Verifying Cryptographic signature

The JSON Web Key Set (JWKS) is a set of keys containing the public keys used to verify any JSON Web Token (JWT) issued by the authorization server and signed using the RS256 signing algorithm.

  1. To find out a public key, call the Getting public key.
  2. Check kid passed in the response.
    IMPORTANT: Ensure that the public key may change periodically or when some issues occur. Thus, you must make use the public keys by caching them in your service periodically.
  3. Verify ID token with kid by using the official libraries:
    - OpenID Foundation
    - jwt.io

Since the cryptographic signature checking process is complicated, we strongly recommend using the official libraries above. However, if you want to decrypt and verify the ID token internally in your service instead of using libraries, refer to 5.2. Message Decryption in JSON Web Encryption (RFC 7516).
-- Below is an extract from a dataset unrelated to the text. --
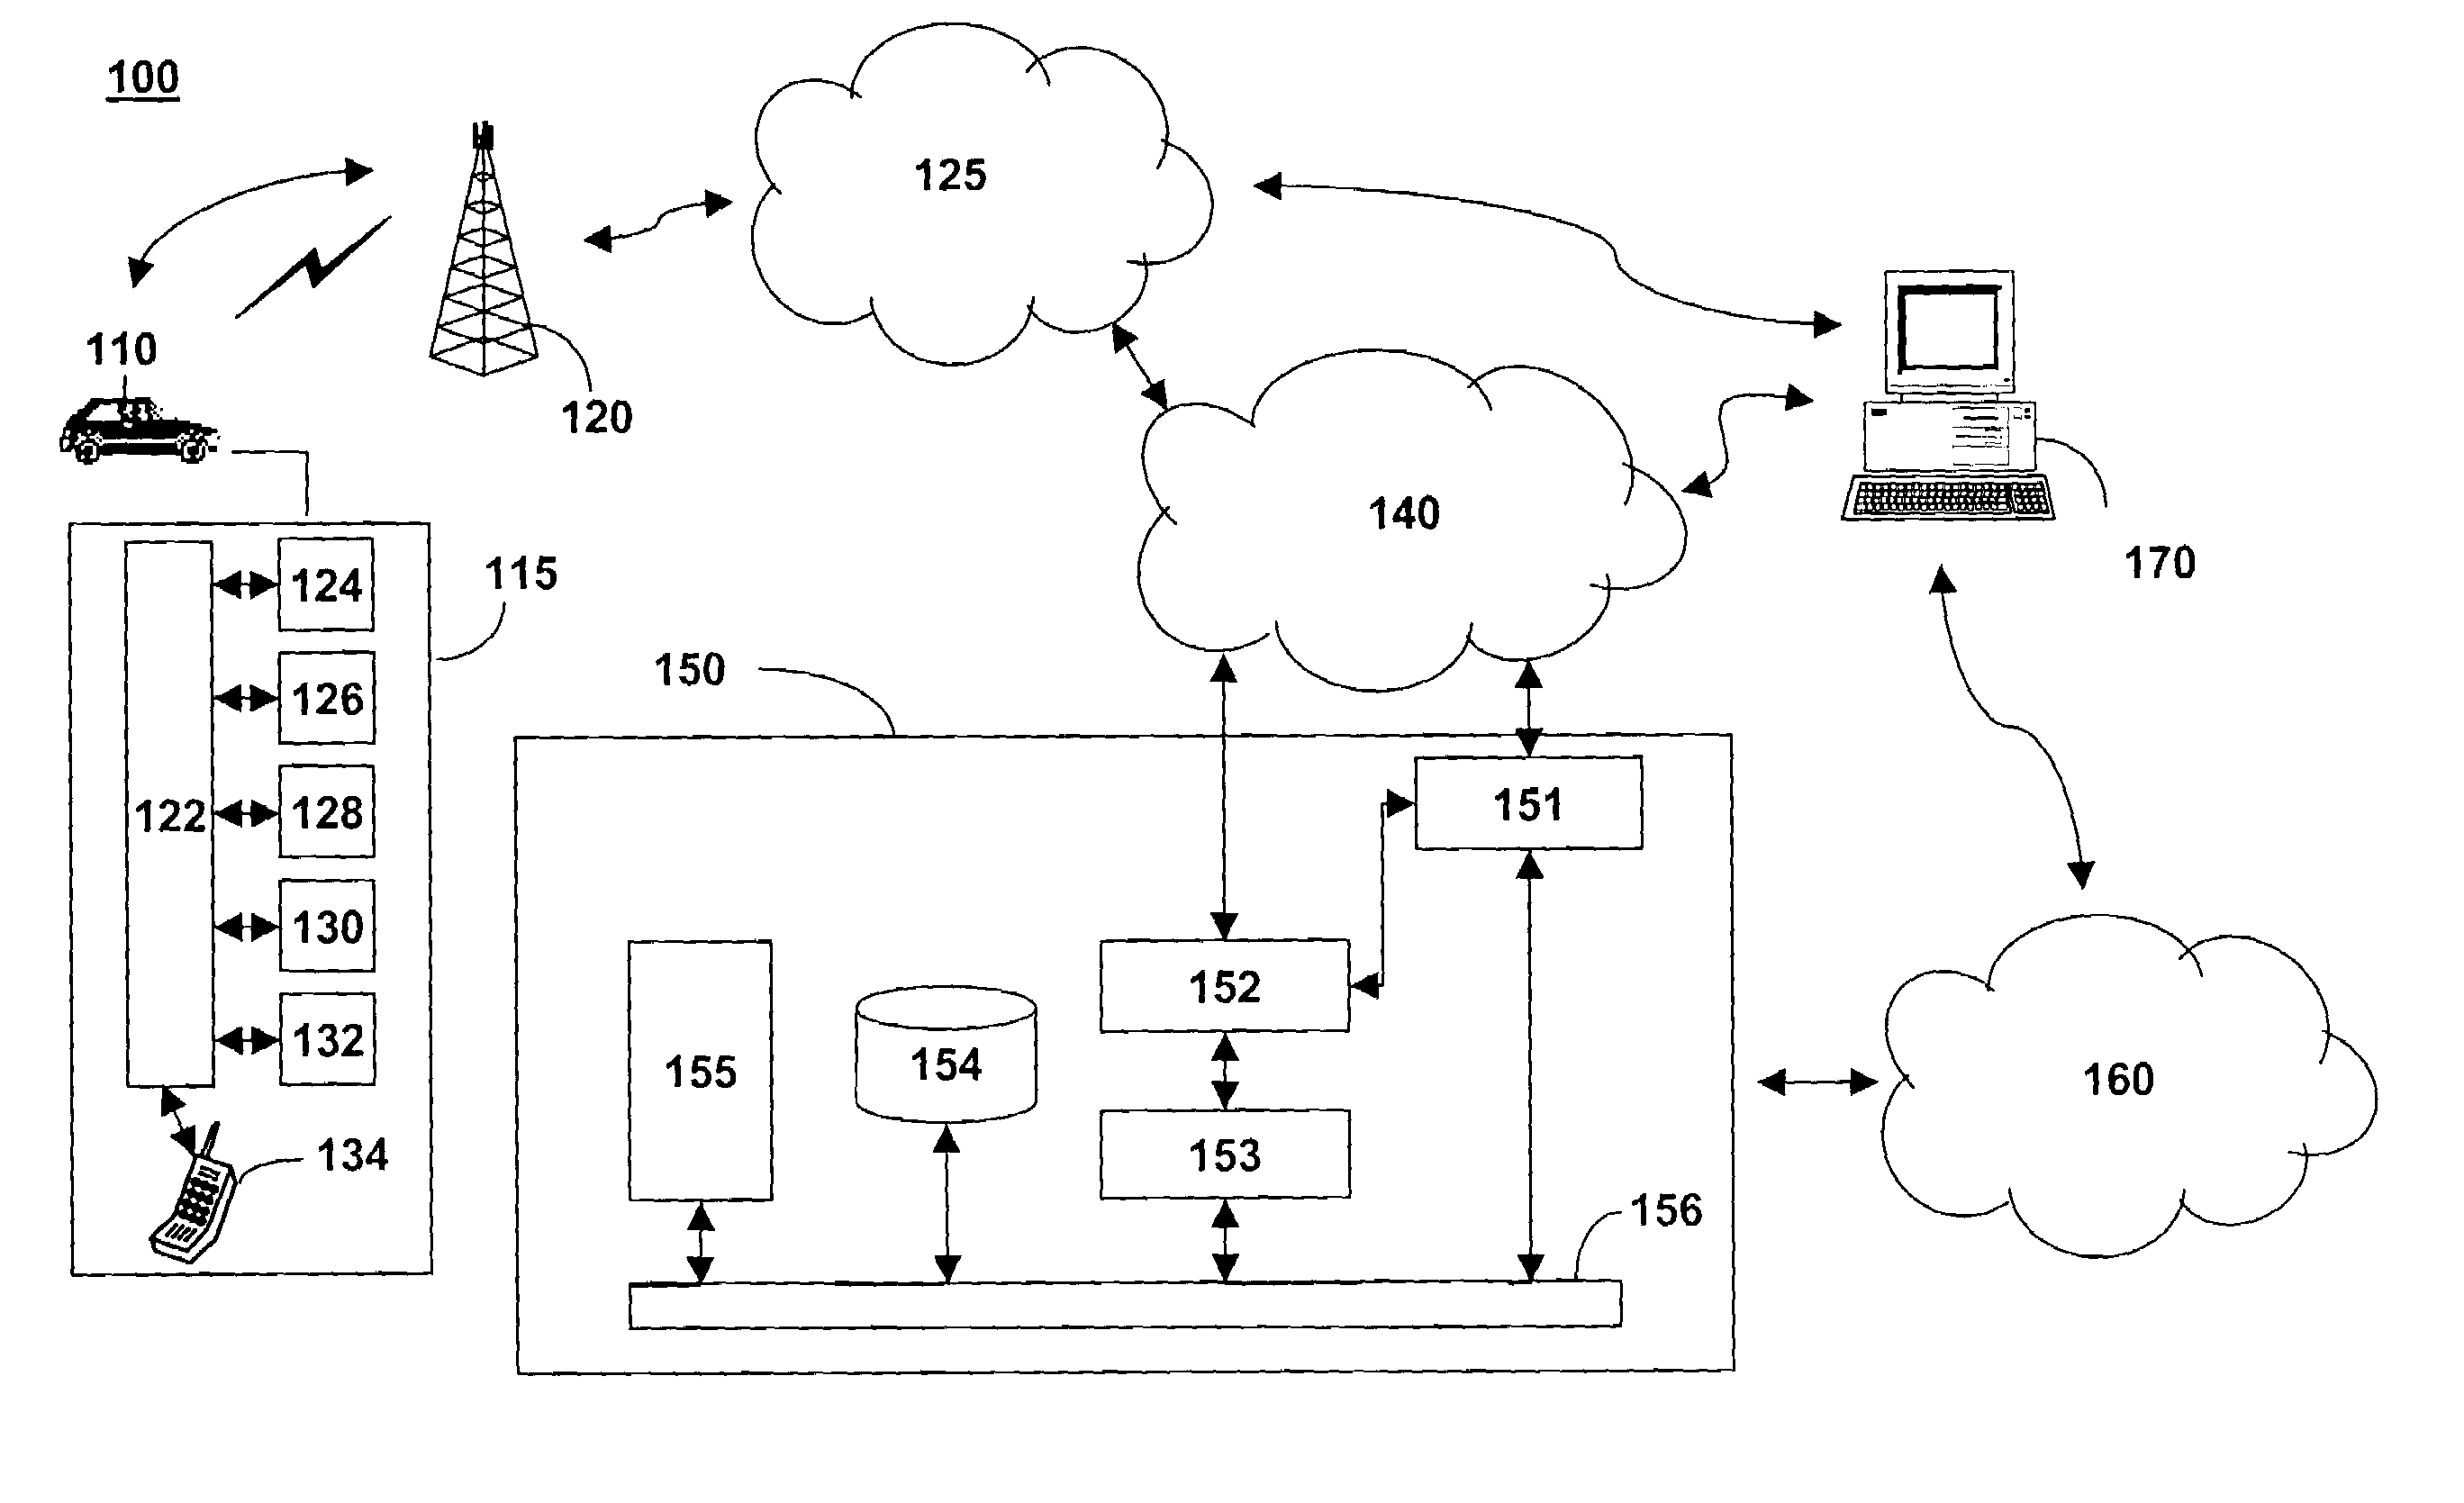 Method and system for providing a carpool service using a telematics system

Step 5. Retrieve User information

If your service needs to retrieve user information about the user authenticated through OIDC and use the claims for data mapping, call the Retrieving user information for OIDC. This API complies with the Standard Claims, and only provides the basic user information unlike the Retrieving user information.

Scope of support

API Android SDK iOS SDK JavaScript SDK Flutter SDK REST API
Login
Logout
Link
Unlink
Retrieving token information
Getting tokens
Refreshing tokens
Auto-login from Kakao Talk
Retrieving user information
Retrieving shipping address
Storing user information
Retrieving user list
Retrieving multiple user information
Requesting additional consent
Retrieving consent details
Revoking consent
Checking user agreed terms
Getting consent to desired terms
Login with OpenID Connect
Manual signup

To implement Kakao Login using a REST API, the Getting authorization codeand the Getting tokens APIs are required.